Israel

The Holy City, Divided?

Last summer I stared in shock and disbelief at my coreligionists in their orange t-shirts, as they pleaded for and then mourned over a Philistine territory. I casually shrugged off the concern of so many right-wing American Zionists over the strategy Ariel Sharon was taking, and dismissed their consternation as wishful thinking for continuing to advocate for an untenable position, the dream of a Greater Israel. I figured, and I still believe, that the Israelis know better than me on what and where to negotiate, directly or unilaterally.
But though many of us in the Diaspora may mock Zionism and even the State of Israel itself, there is one city under her jurisdiction that many of us feel much more invested in, and give her proper reverence. And now, the State of Israel may be preparing to divide her. If so, all the pain–of the settlers from unilateral withdrawals, the Zionists, and the Israelis who had to remove and comfort them–will be our own.
The AP reports,

May 5, 2006 — JERUSALEM – Israel’s new government is drawing up a blueprint for dividing Jerusalem – a once-inconceivable notion – giving the Palestinians nearly all the Arab neighborhoods while holding onto Jewish areas and disputed holy shrines.
Otniel Schneller, an architect of the plan, described it in interviews this week with The Associated Press, giving the clearest picture yet of how Israel plans to separate from the Palestinians, abandoning most of the West Bank.
“We will not divide Jerusalem, we will share it,” he said.
Most of Jerusalem’s Arab neighborhoods would go to the Palestinians, he said. “Those same neighborhoods will, in my assessment, be central to the makeup of the Palestinian capital . . . al-Quds,” Schneller said, calling Jerusalem by its Arabic name.
Israel would keep Jerusalem’s Old City with its shrines sacred to Jews, Muslims and Christians alike – an unacceptable plan to Palestinians, particularly if carried out unilaterally.
Still, with Prime Minister Ehud Olmert determined to draw Israel’s final borders by 2010, likely without waiting for Palestinian agreement, a division of Jerusalem looks realistic for the first time.

Full Story
“And to Jerusalem, your city, may you return in compassion, and may you rest within it, as you have spoken.”

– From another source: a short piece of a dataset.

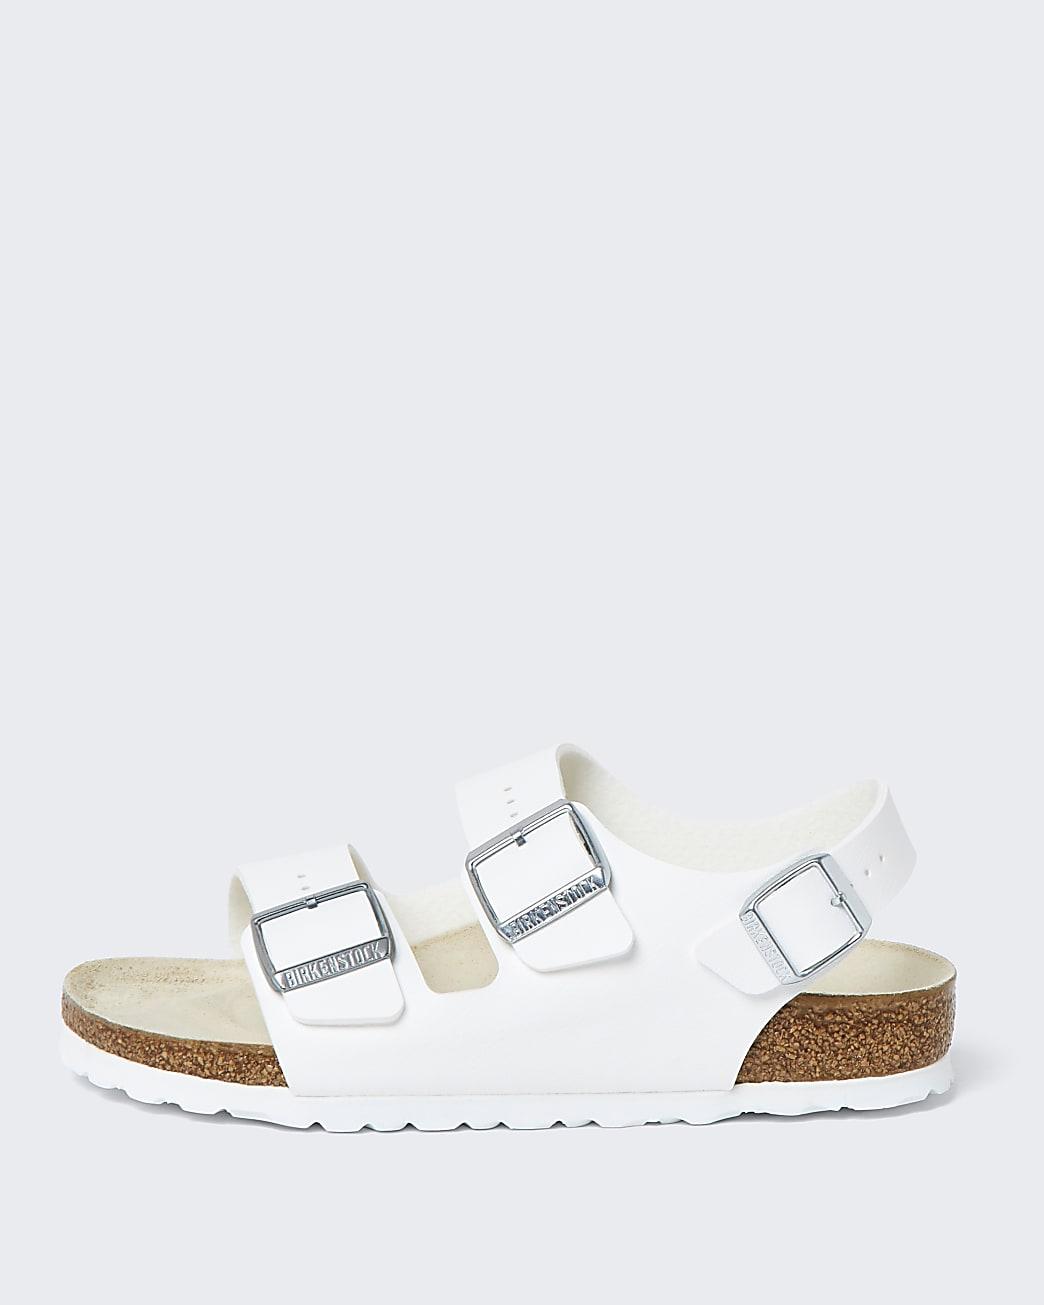 Birkenstock white triple strap sandals

6 thoughts on “The Holy City, Divided?

  1. Under this plan, Israel would keep the whole Old City, so what’s the problem? The outlying neighborhoods (Jewish and Arab alike) are only “Jerusalem” because someone designated them as such in the 20th century. The municipal boundaries of Jerusalem are huge, extending all the way to Bethlehem.

  2. BZ,
    That’s only true if this is the final draft. I fear this may be merely a starting position. To get everyone used to the idea of dividing Jerusalem.

  3. I despise fundamentalism in any form, but I can’t help but wonder if there is some connection between those who mock Zionism and Israel, and what we are now seeing as regards Yerushalayim.
    I fear we cannot have it both ways, and perhaps we should think things through a bit more fully the next time we feel the need to ‘mack’ Zionism or Israel.
    But hey, that’s just my two shekels worth.

  4. This whole Jerusalem thing is just a mark of how people who don’t live in Israel have no idea what really goes on here. Jerusalem is poor and hasn’t a wide enough tax base, and discriminates agains the Palestineans who don’t even have Israeli citizenship but can’t leave the city to the west bank because then they would lose the right to return to the city. The civil rights problems in J should interest us more than Israeli control over Um Tubba or Sho’afat.

  5. Jerusalem already is divided. Just not the muncipality. And the first poster is right — what is Jerusalem today is because the municipality expanded the borders.